Test guidelineopen allclose all
Qualifier:
according to
Guideline:
OECD Guideline 471 (Bacterial Reverse Mutation Assay)
Deviations:
no
Qualifier:
according to
Guideline:
EU Method B.13/14 (Mutagenicity - Reverse Mutation Test Using Bacteria)
Deviations:
no
Principles of method if other than guideline:
Not applicable
GLP compliance:
yes (incl. certificate)
Remarks:
08 April 2015
Type of assay:
bacterial reverse mutation assay

Test material

Reference
Name:
Unnamed
Type:
Constituent
Test material form:
liquid
Specific details on test material used for the study:
SOURCE OF TEST MATERIAL
- Source and lot/batch No.of test material: Robertet S.A. / 2493442
- Appearance: Yellow Liquid/May cristallize
- Expiration date of the lot/batch: 29 April 2017

STORAGE CONDITIONS OF TEST MATERIAL
- Storage condition of test material: Fridge (2-8 °C), protected from air and light

Method

Target gene:
Histidine gene for Salmonella typhimurium
Species / strain
Species / strain / cell type:
S. typhimurium, other: TA 97a, TA 98, TA 100, TA 102 and TA 1535
Details on mammalian cell type (if applicable):
Not applicable
Additional strain / cell type characteristics:
not applicable
Metabolic activation:
with and without
Metabolic activation system:
0.74 % final concentration in the treatment; S9 fraction produced from the livers of male Sprague-Dawley rats which were treated with 500 mg Aroclor 1254/kg bw intraperitoneally.
Test concentrations with justification for top dose:
Experiment 1a: 50, 150, 500, 1500 and 5000 μg/plate in TA 97a, TA 98, TA 100, TA 102 and TA 1535 strains, with and without S9 mix using plate incorporation method
Experiment 1b: 1.5, 5, 15, 50, 150, 500 and 1500 μg/plate in TA 97a, TA 98, TA 100, TA 102 and TA 1535 strains, with and without S9 mix using plate incorporation method
Experiment 2: 8, 16, 31, 63, 125, 250 and 500 μg/plate in TA 97a, TA 98, TA 100, TA 102 and TA 1535 strains, with and without S9 mix using pre-incubation method
Vehicle / solvent:
- Vehicle(s)/solvent(s) used: Dimethyl sulfoxide (DMSO)
- Justification for choice of solvent/vehicle: In a non-GLP pre-test, the solubility of the test item was tested in a concentration of 50 g/L in DMSO. DMSO was chosen as vehicle, because the test item was sufficiently soluble in it, and this solvent does not have any effects on the viability of the bacteria or the number of spontaneous revertants in the tested concentrations.
Test substance preparation:
- On the day of the start of experiment 1a, a stock solution containing 50 g/L of the test item in DMSO was prepared.
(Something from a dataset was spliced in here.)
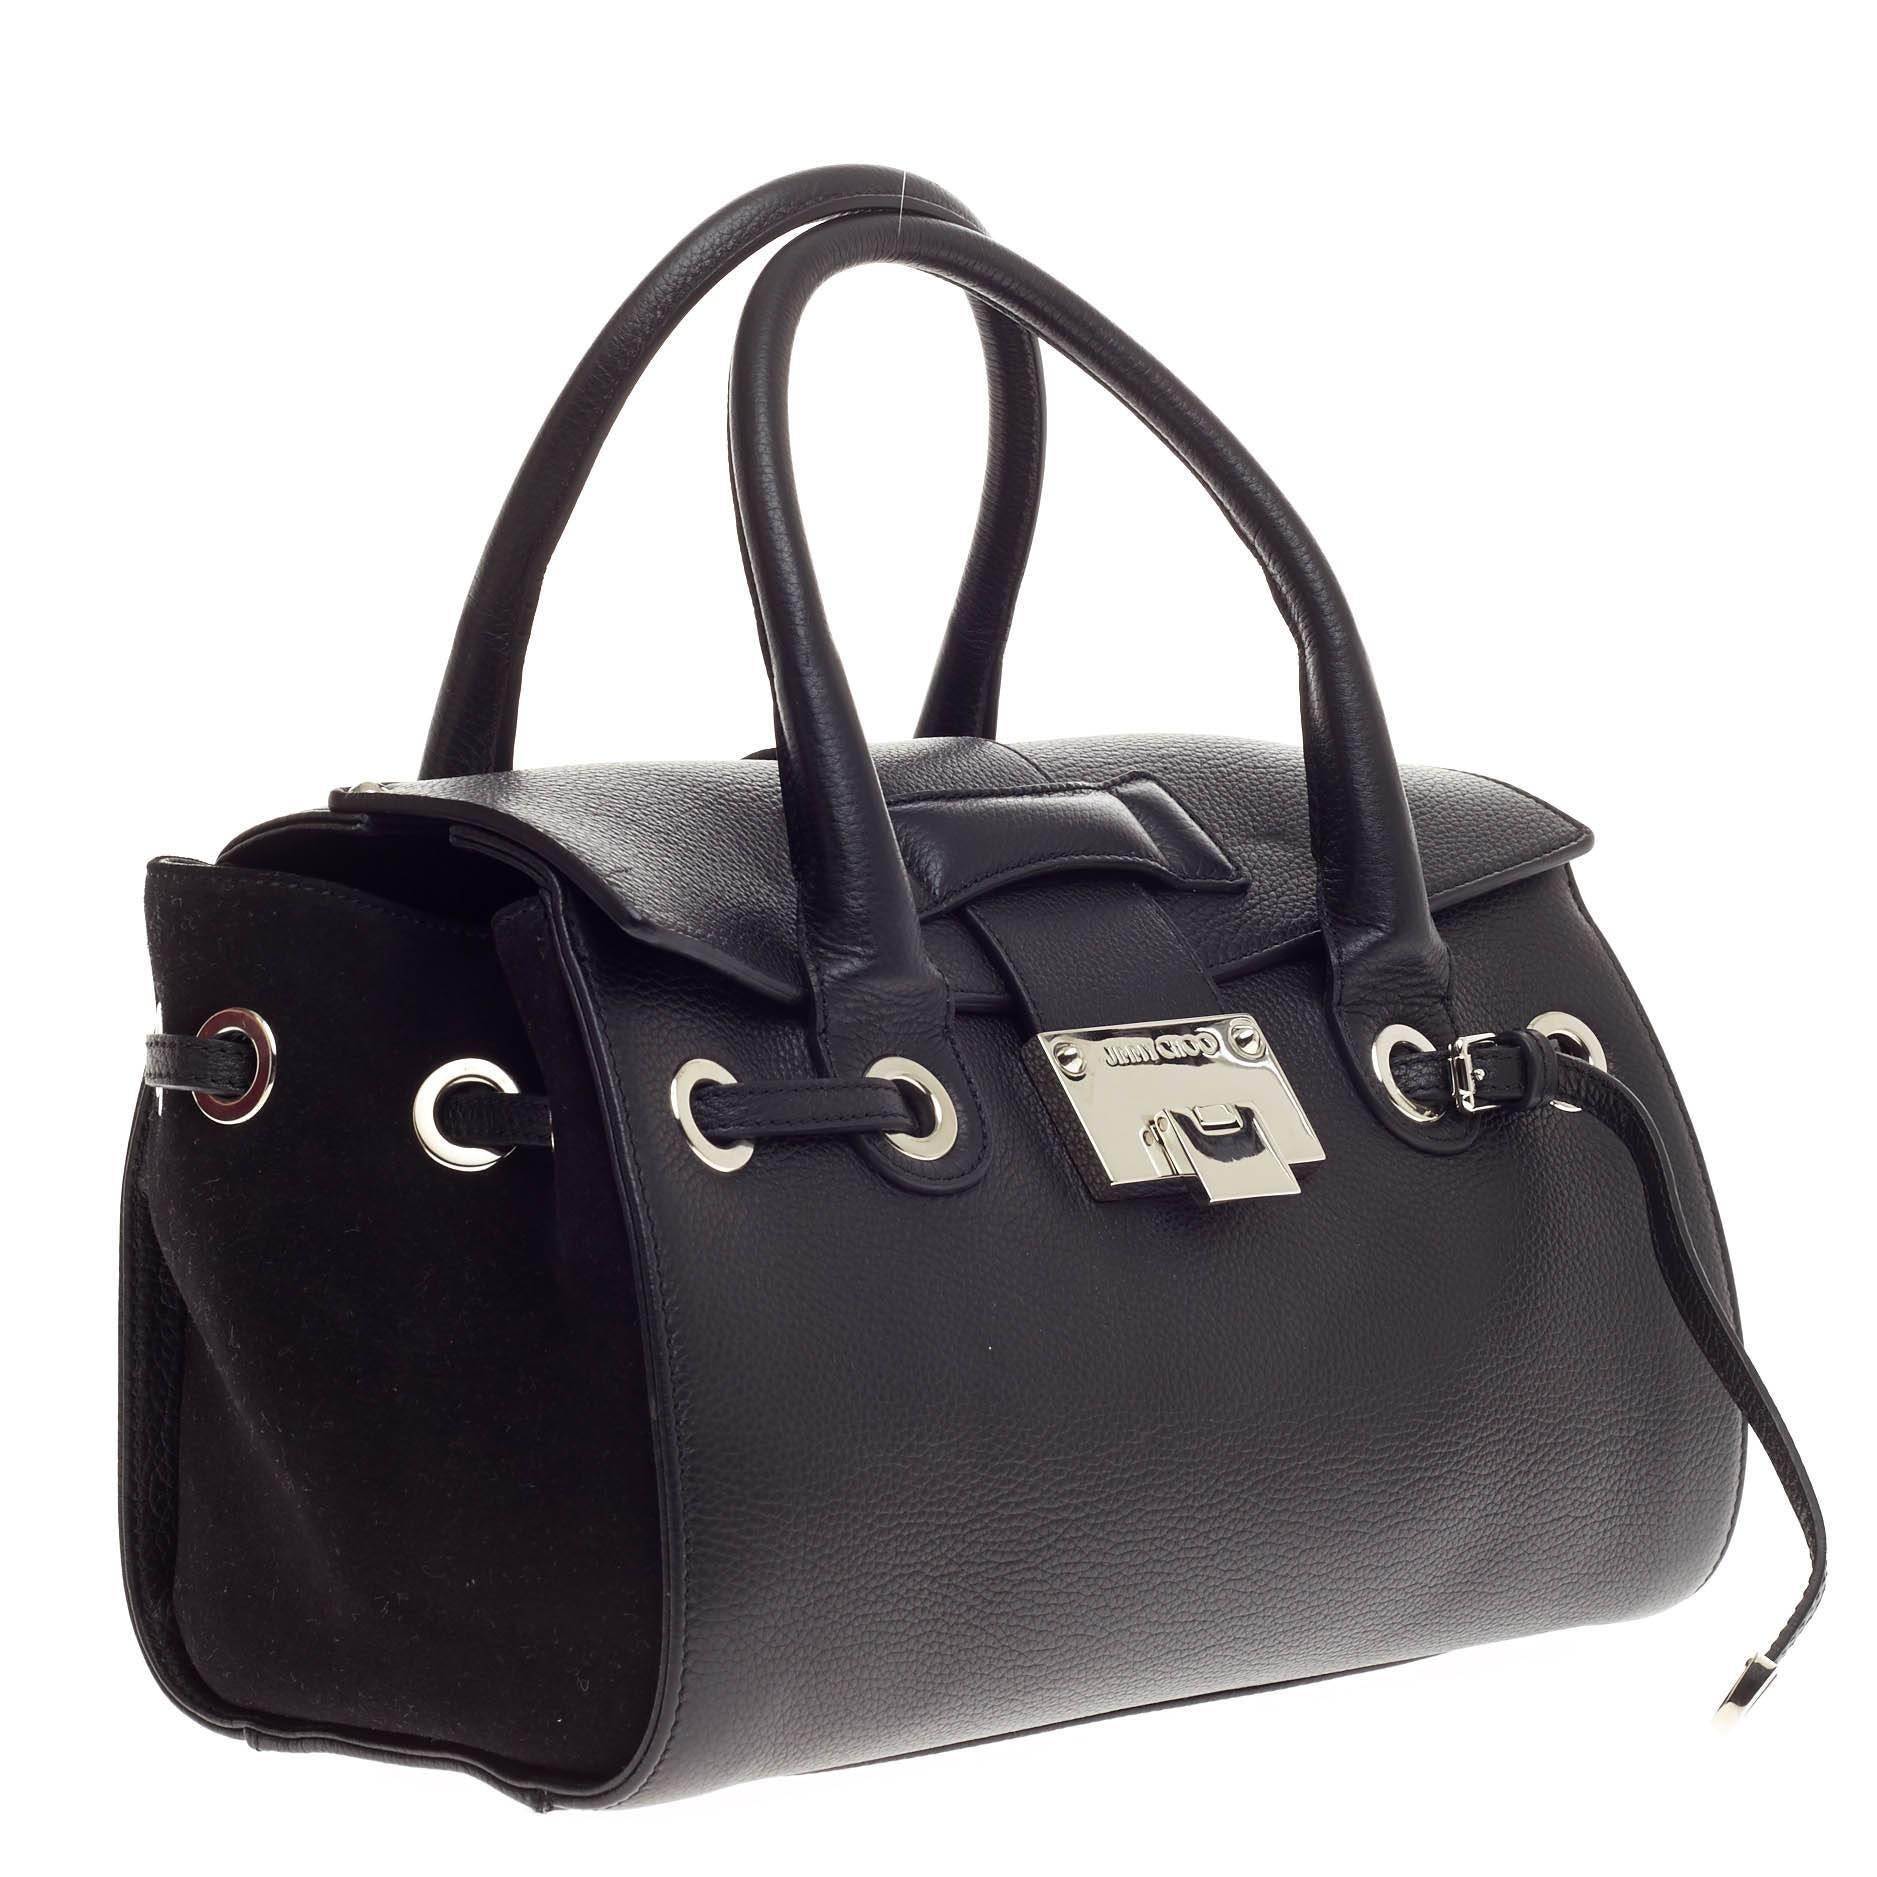 7bbaf6c1c624 Jimmy Choo Rosalie Convertible Satchel Leather Small at 1stdibs

The test item solution was not sterile filtrated before use. The stock solution was used to prepare the geometric series of the concentrations to be tested. The following nominal concentrations were prepared for experiment 1a: 5000 μg/plate, 1500 μg/plate, 500 μg/plate, 150 μg/plate and 50 μg/plate.
- On the day of the start of experiment 1b, a stock solution containing 50 g/L of the test item in DMSO was prepared. The test item solution was not sterile filtrated before use. The stock solution was used to prepare the geometric series of the concentrations to be tested. The following nominal concentrations were prepared for experiment 1b: 1500 μg/plate, 500 μg/plate, 150 μg/plate, 50 μg/plate, 15 μg/plate, 5 μg/plate and 1.5 μg/plate.
- On the day of the start of experiment 2, a stock solution containing 5 g/L of the test item in DMSO was prepared. The test item solution was not sterile filtrated before use. The stock solution was used to prepare the geometric series of the concentrations to be tested. The following nominal concentrations were prepared for experiment 2: 500 μg/plate, 250 μg/plate, 125 μg/plate, 63 μg/plate, 31 μg/plate, 16 μg/plate and 8 μg/plate.
Controlsopen allclose all
Untreated negative controls:
yes
Remarks:
water
Negative solvent / vehicle controls:
yes
Remarks:
DMSO
True negative controls:
no
Positive controls:
yes
Positive control substance:
sodium azide
other: 4-Nitro-1,2-phenylene Diamine
Remarks:
without metabolic activation
Untreated negative controls:
yes
Remarks:
water
Negative solvent / vehicle controls:
yes
Remarks:
DMSO
True negative controls:
no
Positive controls:
yes
Positive control substance:
benzo(a)pyrene
other: 2-Amino-Anthracene
Remarks:
with metabolic activation
Details on test system and experimental conditions:
SOURCE OF TEST SYSTEM: Salmonella typhimurium (all strains used) were obtained from TRINOVA BioChem GmbH (batch of the bacteria strains: TA97a: 4997D, TA98: 5011D, TA100: 4996D, TA102: 4982D, TA1535: 5012D) and were stored as lyophilisates in the fridge at 2-8 °C.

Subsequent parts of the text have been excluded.